Ubeydullah-ı Ahrar hazretleri “rahmetullahi aleyh”, bir gün hizmetçisine;
- Bana Semerkant’tan, biraz bal getir, buyurdu.
Hizmetçi;
- Peki efendim deyip, yollandı Semerkant’a.
Hocasının emrettiği kadar bal satın alıp, tam dışarı çıkıyordu ki, dükkana çok güzel bir kadın girdi.
Şeytana uyup, şehvetle baktı o kadına.
Sonra ayrılıp yola koyuldu ve Taşkent'e gelip, takdim etti o balı hocasına.

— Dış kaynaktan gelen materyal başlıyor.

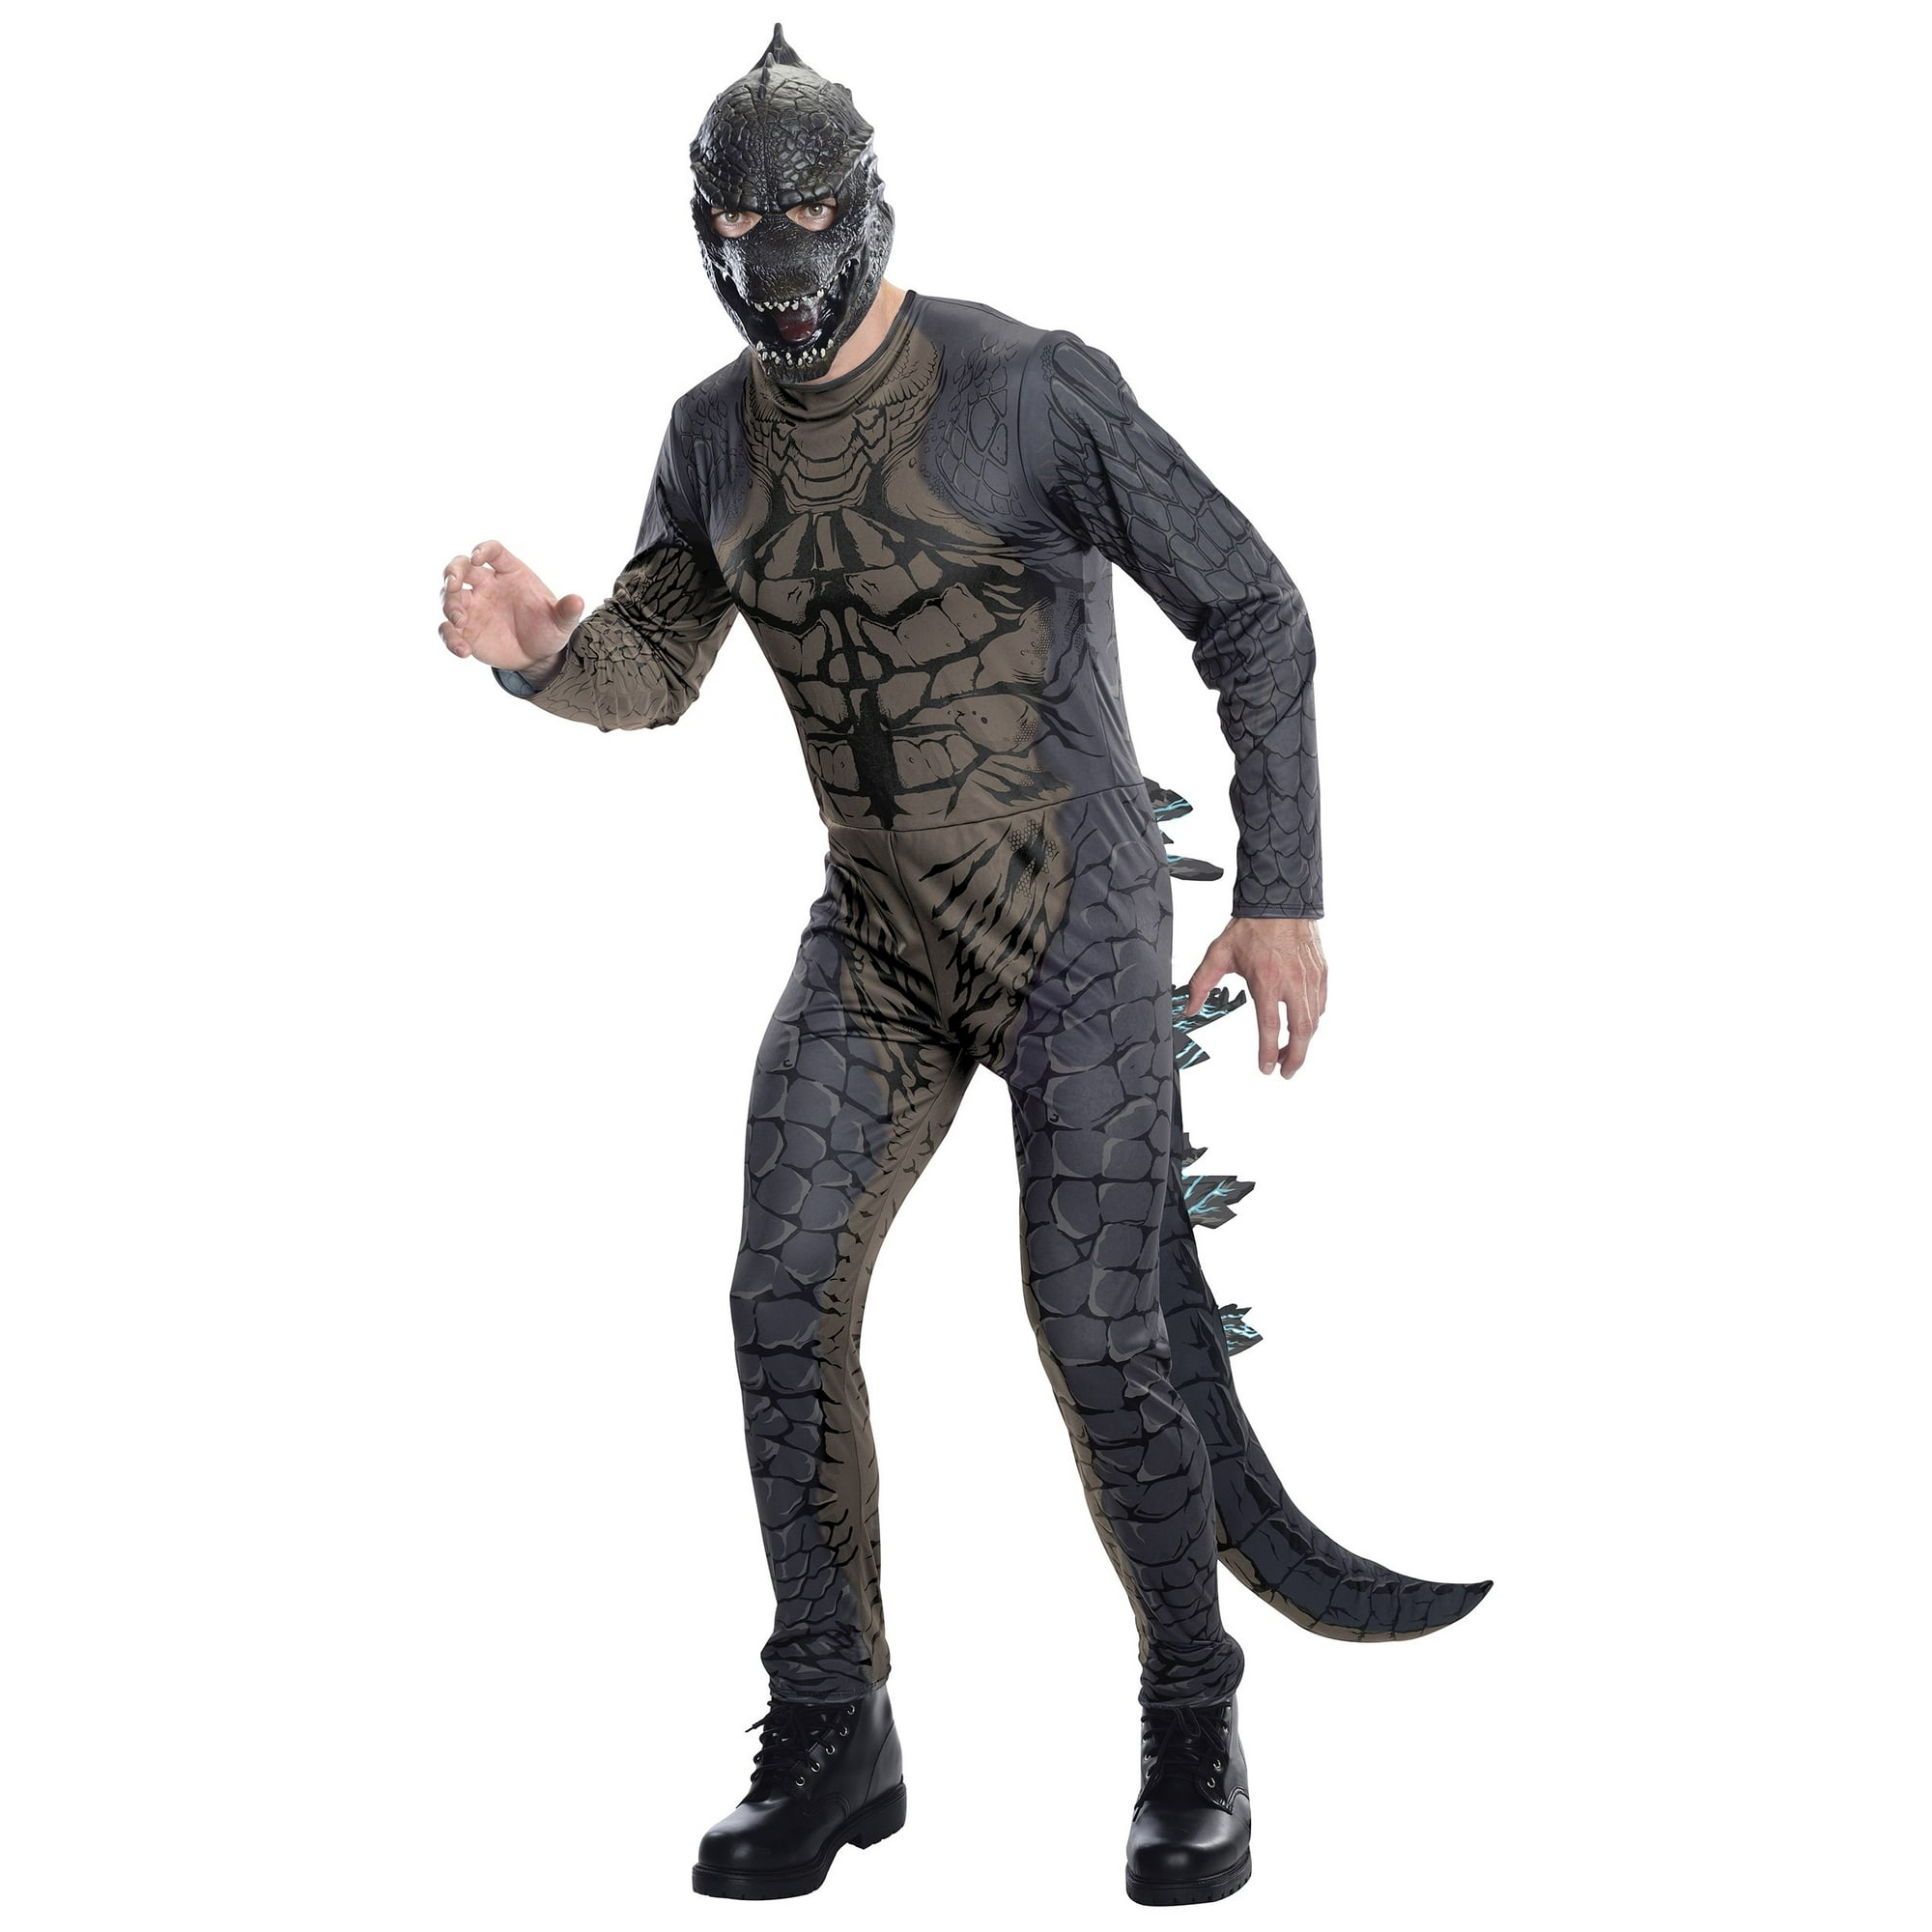 Sexy Godzilla Costume

Etti ama, hocasının yüzü gülmüyordu.
Hatta kaşlarını çatıp, pek sitemli olarak;
- Sen bal almaya gittin. Ama şarap getirdin. Niye böyle yaptın? buyurdu.
- Estağfirullah efendim. Ben size bal getirdim.
- Hayır, şarap getirmişsin. İstersen aç bak.
Hizmetçi kutuyu açınca hayretten dona kaldı.
Zira kutuda bal değil, şarap vardı hakikaten.
O zaman anladı hatasını.
Kendi kendine;
“O kadına şehvetle bakmıştım. Ben o günahı işleyince, kutudaki bal da şarap olmuş” diye düşündü hemen.
Bu, ona büyük bir ders olmuştu.
Bir daha bakmadı yabancı bir kadına.
Havaya yazı yazmak
Bu zat bir sohbetinde;
- Kardeşlerim, bazı kimseler vardır ki, her ne olursa olsun, kim ne ziyana uğrarsa uğrasın, her nimet yalnız bana gelsin, der. Maksadı, hedefi budur, buyurdu. Ve ekledi:
- Onun zevki ve sefası için herşeyin feda olması, umurunda bile değildir.
Sordular:
- Bunlar neden böyledir efendim?
- Çünkü imansızdırlar. Akılları yoktur. Böyle kimselerde merhamet olmaz. Canavardan, en korkunç hayvandan da daha zararlıdırlar.
- Ama bunlardan bazısı, insanlıktan, şefkatten bahsediyor hocam.
- Onların insanlıktan, merhametten söylemesi, havaya yazı yazmak gibidir kardeşim. Yani kendi menfaat ve şehvani arzularına kavuşmaları için birer tuzaktır.